Whatever the commission decides, I hope it will also consider the one undeniable fact laid bare by this election: No vote cast on same sex benefits for city employees carries any political consequences whatsoever.

Don Selvage, who stirringly and bravely led the charge to adopt same sex benefits last year was re-elected without opposition. Edie Yates, who not-so-bravely cast the tie-breaking vote not to adopt them also won without opposition. Treating our gay citizens and employees as full citizens carries no benefit or consequences politically here in Lakeland. I know that Don and others took some unpleasant personal heat from the public. But poltically, nothing happened. Politiclly, equality is not a winner; it’s not a loser. So you might as well do the right thing, commissioners.

It’s surprising how many issues and tough votes come out that way: full of sound and fury at the time of the vote signifying nothing come the next election. A lot of political fear, as Howard showed by breaking with the commission over leadership, is pointless.

And by the way, Howard, you know those urbanish, diverse, Obama-voting Lake Morton precincts that came through for you big time? We like gay people. They’re our friends and neighbors. In many cases, they are us. Some may have voted for you despite your quite hostile behavior during the Benefit Equality process. You should think about that when this comes up again — because it will. Whether I do it, or someone else does.

I suspect these neighborhoods that Gow lost, which are the core of our city’s “lifestyle entrepreneur” movement, will feature heavily in the Lakeland Economic Development Council’s cool-Lakeland-video film festival tonight at the Polk Theater. They grow out of the branding effort that the LEDC pursued a while back. Focus groups told the company the LEDC hired to do this that Lakeland should emphasize its “lifestyle entrepreneurs,” many of whom are gay.

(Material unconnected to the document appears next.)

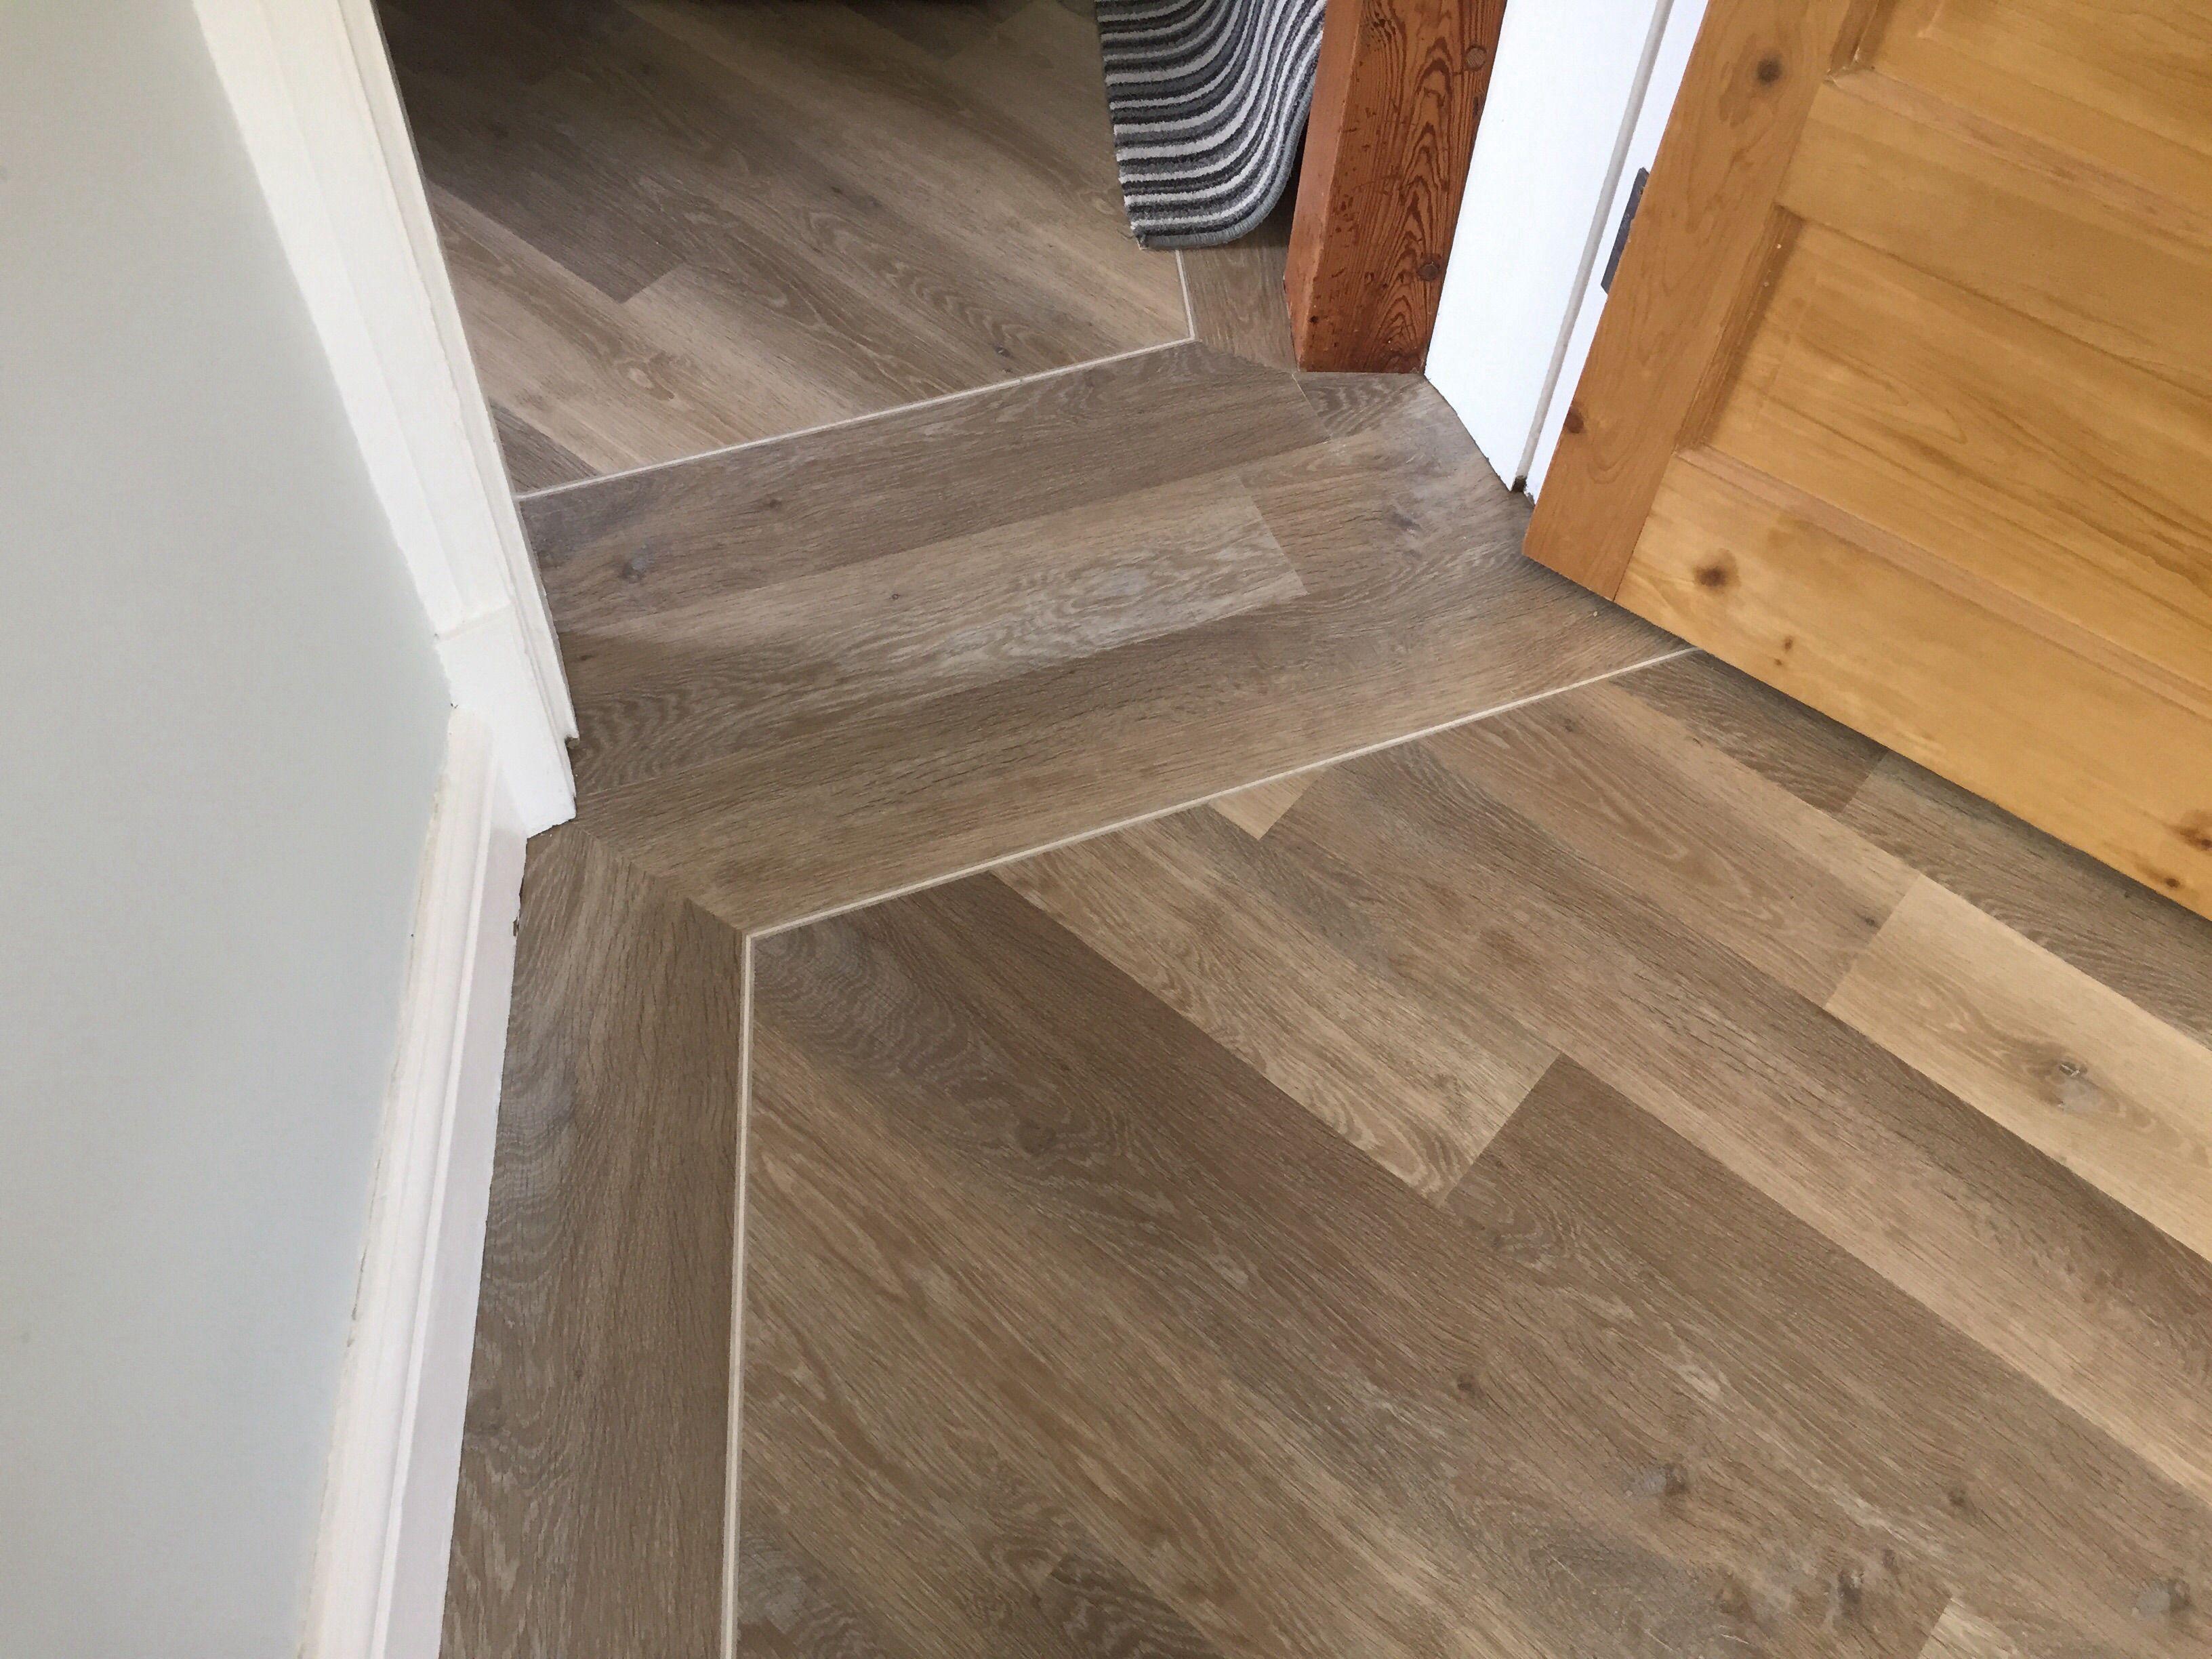 floor walnut chicago refinishing flooring services hardwood youtube watch

LEDC leadership, like city leadership, is not exactly known for its welcoming acceptance to our gay citizens. But if it really cared about “lifestyle entrepreneurism”, I think it would do whatever it could — including leading the charge for benefit equality — to signal Lakeland’s openness and plurality. A poll just came out showing 38 percent support for gay marriage ini South Carolina. South. Freaking. Carolina. The land of Jim DeMint, Strom Thurmond, and Birth of a Nation.

Just 43 percent of the Lakeland City Commission supported something as harmless and uncontroversial as benefit equality for city employees.

At the time, I thought that wasn’t so bad, really. But the evolution of the American people on gay acceptance is more of a mutation. It’s happening with extraordinary suddeness. And when the state of South Carolina is agubaly more supportive of “lifestyle entrepreneurism” than the city of Lakeland, it’s time for us to act.

Welcome to being mayor, Howard. The gutsy stands are just beginning.

2 thoughts on “#LKLD Election 2013: One powerful inference, and one straight-up fact

  1. I’m very happy Howard Wiggs won, but I have to admit I’m not enthusiastic about him. I don’t believe in these Red Light Cameras to the point it’s a bell-weather issue for me. Howard is also too far to the right on other issues I care about. That said, we needed a change badly, and I wish him the best. The tone of this article sounded more like reaching out to the man than bashing him, and that’s healthy. If voters in South Carolina can modify a position, so can anybody.

  2. If I would have known this post was gonna to concern gay rights, well…. I still would have read it..

    Hopefully this non-issue (because it’s so behind the times it shouldn’t be an issue) stops holding good people back from contributing positively to society.